Author picture Maurice Kherlakian

Why We Chose ClickHouse to Improve Our User-Facing Analytics Performance of 1B+ Rows

Published


When we started Hookdeck, we made heavy use of PostgreSQL for all storage and data retrieval aspects. That served us well because PostgreSQL is extremely versatile and possesses a vast, rich ecosystem of tools and libraries. Ultimately, it allowed us to build features quickly and efficiently.

However, as our data volume grew larger, some of our tables had well over a billion rows. That made read workloads quite slow, which impacted our users. Some queries, such as the histogram in our dashboard, were taking over 30 seconds to run. Indexes help, but with over 10 dimensions it's impossible to create them with all possible permutations.

So we started looking for solutions…

Hookdeck Events Screenshot

Enter ClickHouse

We set out to test a few data stores, and the leading ones turned out to be Elasticsearch and ClickHouse (though we also tested MongoDB, Sneller, and Spark/Hadoop). In the end, we decided to use ClickHouse based on the following benefits:

  • Compression: ClickHouse's columnar storage allows for effective data compression; compared to our PG tables (total size with indexes), our ClickHouse tables take up ~1/10th of the space (400GB on PG, 45GB on ClickHouse).
  • Speed: Query execution is extremely fast. Most queries on tables with over 1 billion rows run in under 1 second. This is in no small part thanks to its column oriented architecture, which allows queries to be executed in parallel across multiple columns, and also thanks to its distributed architecture which allows it to distribute queries and data across multiple nodes.
  • Fast data ingestion
  • MergeTree engine family

It was time to move on to implementation. We ran into many challenges — some that we anticipated, and some that we didn't. The rest of this article highlights some of these challenges, and goes into the solutions we found.

The challenge with our data

We see Hookdeck as a giant state machine. Events and attempts transition to different states through time. The delivery data we show our users about their webhooks reflects those states. The screenshots below were taken at an interval of a few seconds.

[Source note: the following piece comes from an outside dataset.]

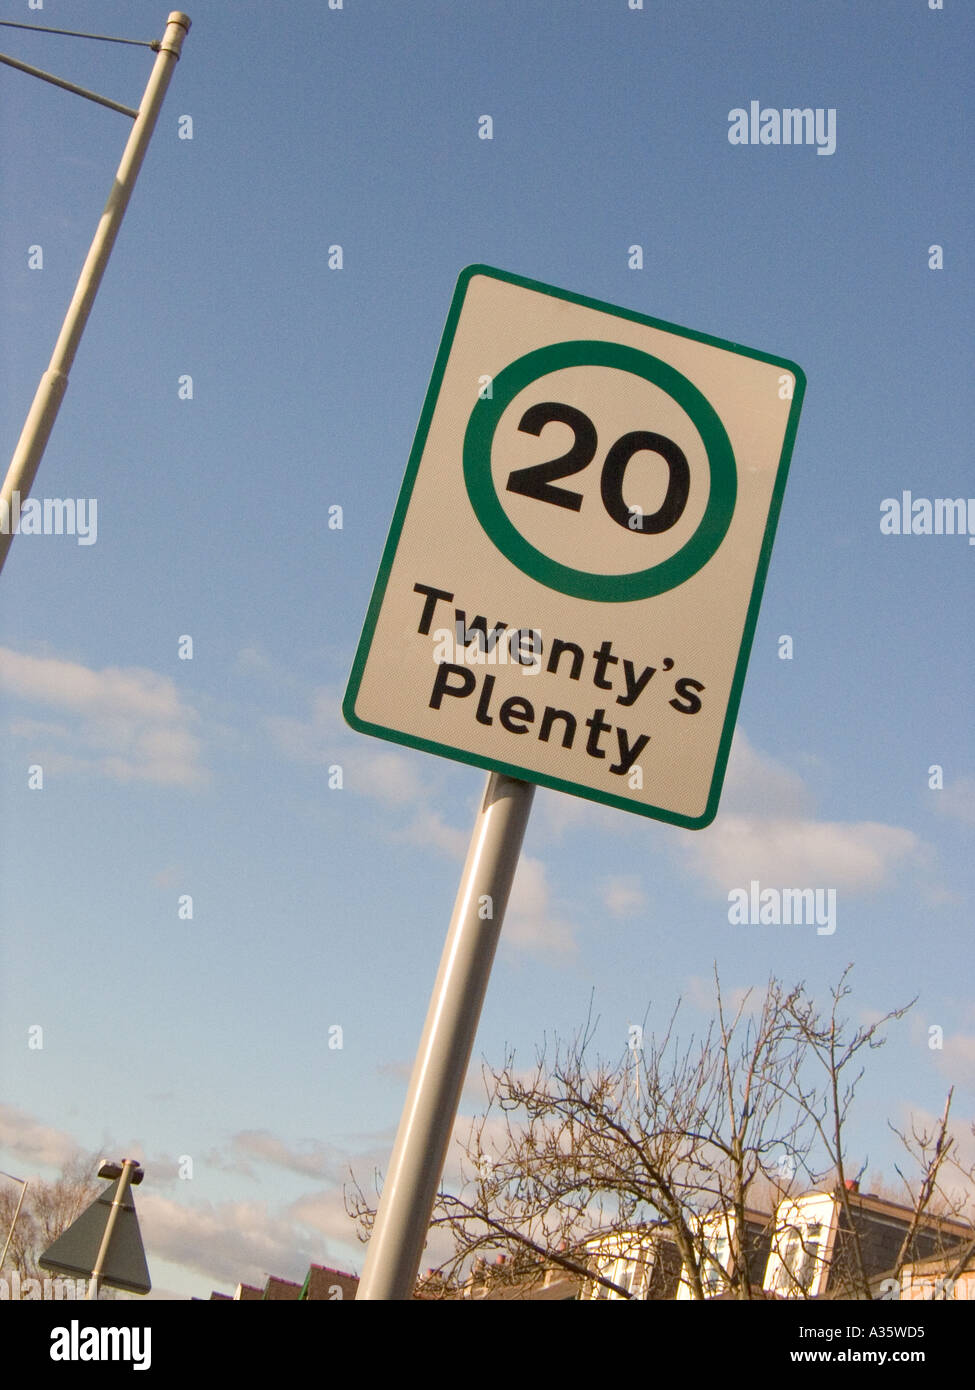 Twenty s plenty Speed limit 20 mph sign in Motherwell Scotland UK Stock Photo

The top histogram shows a few QUEUED events (waiting for delivery), while the one on the bottom shows some of those same events, but with a state of delivered. The time here represents the time at which we received the event, and therefore doesn't change (though we also track the time at which the event was delivered in other views).

With a “normal” data store (i.e. one that supports upserts - inserting, and updating when the row exists, or more generally the ability to update), this data would be easy to fetch since the state in the database is always the most up to date. So we can simply:

SELECT DATE_TRUNC('hour', created_at), count(*)
FROM events
WHERE workspace = 'hookdeck'
GROUP BY 1
ORDER BY 1

queue screenshot 1

queue screenshot 2

ClickHouse is optimized for inserts. While it supports updates in the form of mutations, it should be thought of as an append-only data store. As a matter of fact, avoiding mutations is a best practice. But now we have to reconcile two seemingly incompatible constructs. We need to be able to modify data to represent its new state in a store that doesn't support modifications (spoiler: it’s possible, keep reading).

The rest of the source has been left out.